Review: Chez nous (2017)

Chez nous (2017)

Directed by: Lucas Belvaux | 117 minutes | drama | Actors: Émilie Dequenne, André Dusollier, Guillaume Gouix, Catherine Jacob, Anne Marivin, Patrick Descamps, Charlotte Talpaert, Mateo Debaets, Coline Marcourt, Corentin Lobet, Thibault Roux, Michel Ferracci, Stéphane Caillard, Cyril Descours, Julien Roy, Bernard Mazzinghi

In ‘Chez nous’ we follow the path of the sympathetic home care nurse Pauline (Émilie Duquenne) to the mayoralty of her fictitious hometown Hémars in French Flanders. From a Front National-like party that is. Is ‘Chez nous’ perhaps a social-realistic film? No and yes, in that order. And that is also the problem. The decent Dequenne (‘Rosetta’) initially seems to have stepped out of a Mike Leigh full of good-natured feel-good characters. There is an ex-husband who refuses to look after the children when Pauline finds a dead patient in bed. She waits cheerfully for the doctor (André Dussollier) to arrive, who then invites her to dinner where he offers her the mayoralty of her own village, for his far-right ‘Bloc’. Soon brunette Pauline is as blond as the Le Pen-esque party leader Agnès Dorgelle (Catherine Jacob). This is unimaginable, but Pauline goes along with it big-eyed, and she also has a friend (Guillaume Gouix) who is gentle and also a neo-Nazi.

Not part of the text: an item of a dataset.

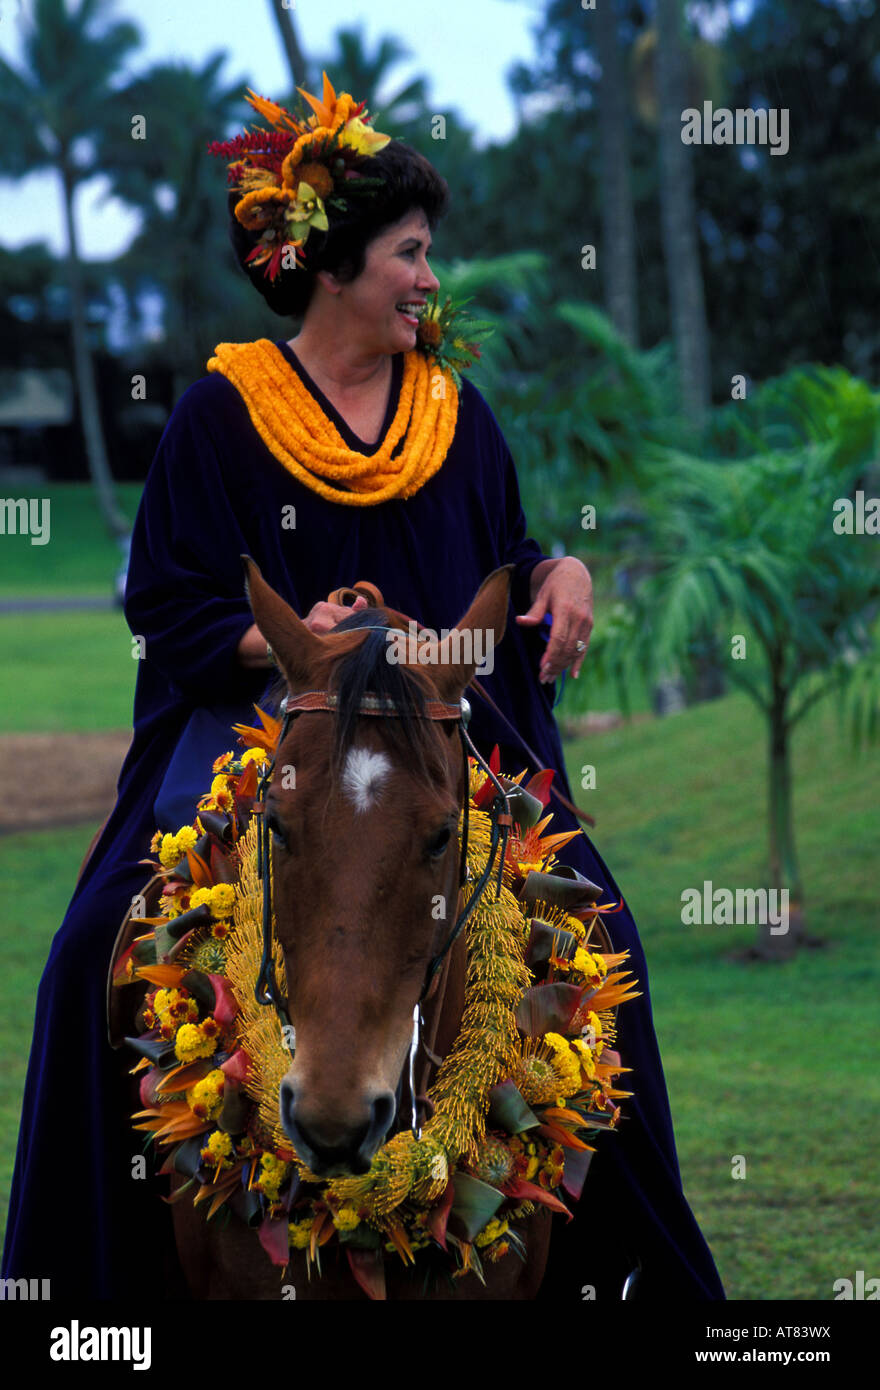 Woman riding horse (pau rider) with leis at Merrie Monarch festival parade Stock Photo
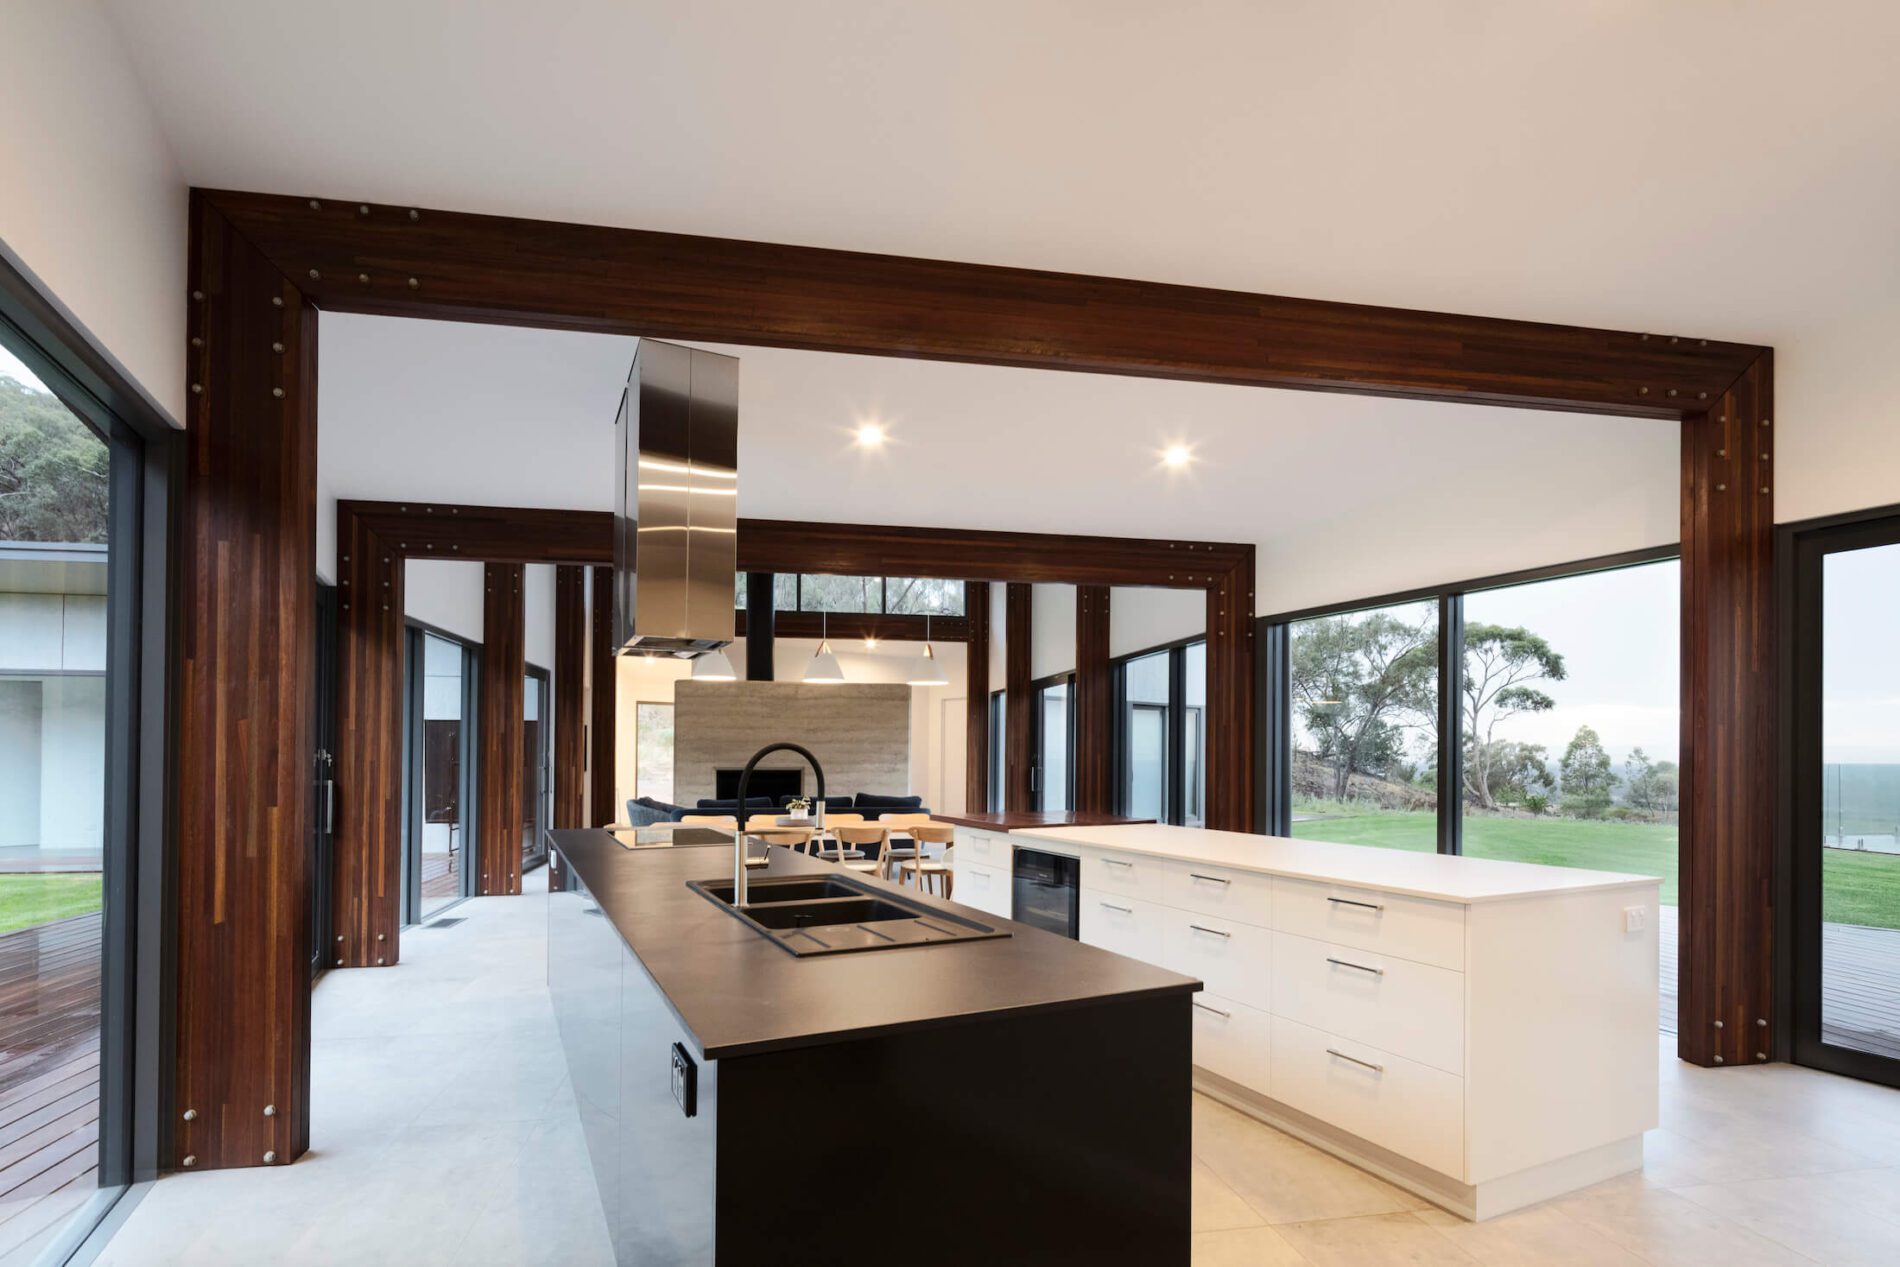 Contemporary kitchen with expressed timber beams and windows on all sides

Not so easy to unite feelgood and the extreme right, especially not in characters. There are more contradictions. ‘Chez nous’ seems aimed at ‘ordinary people’ – as a warning, but will mainly attract an arthouse audience. As a result, the film looks made, and develops little; every time Pauline curiously walks through them. Questions of conscience are raised, but then dodged. For example, when Pauline witnesses a beating between neo-Nazis and Muslim youths. Pauline wants to be herself, but it seems she has made a choice that violates her personality. Director Lucas Delvaux (’38 témoins’) attaches no dramatic consequences to it. It happens and ripples on. Towards the end, the film takes on a more documentary character. ‘This is the state of France’, Delvaux seems to want to say. As mentioned, the far right doesn’t mix well with sluggish feel-good, although the acting of the main characters can be considered not without merit.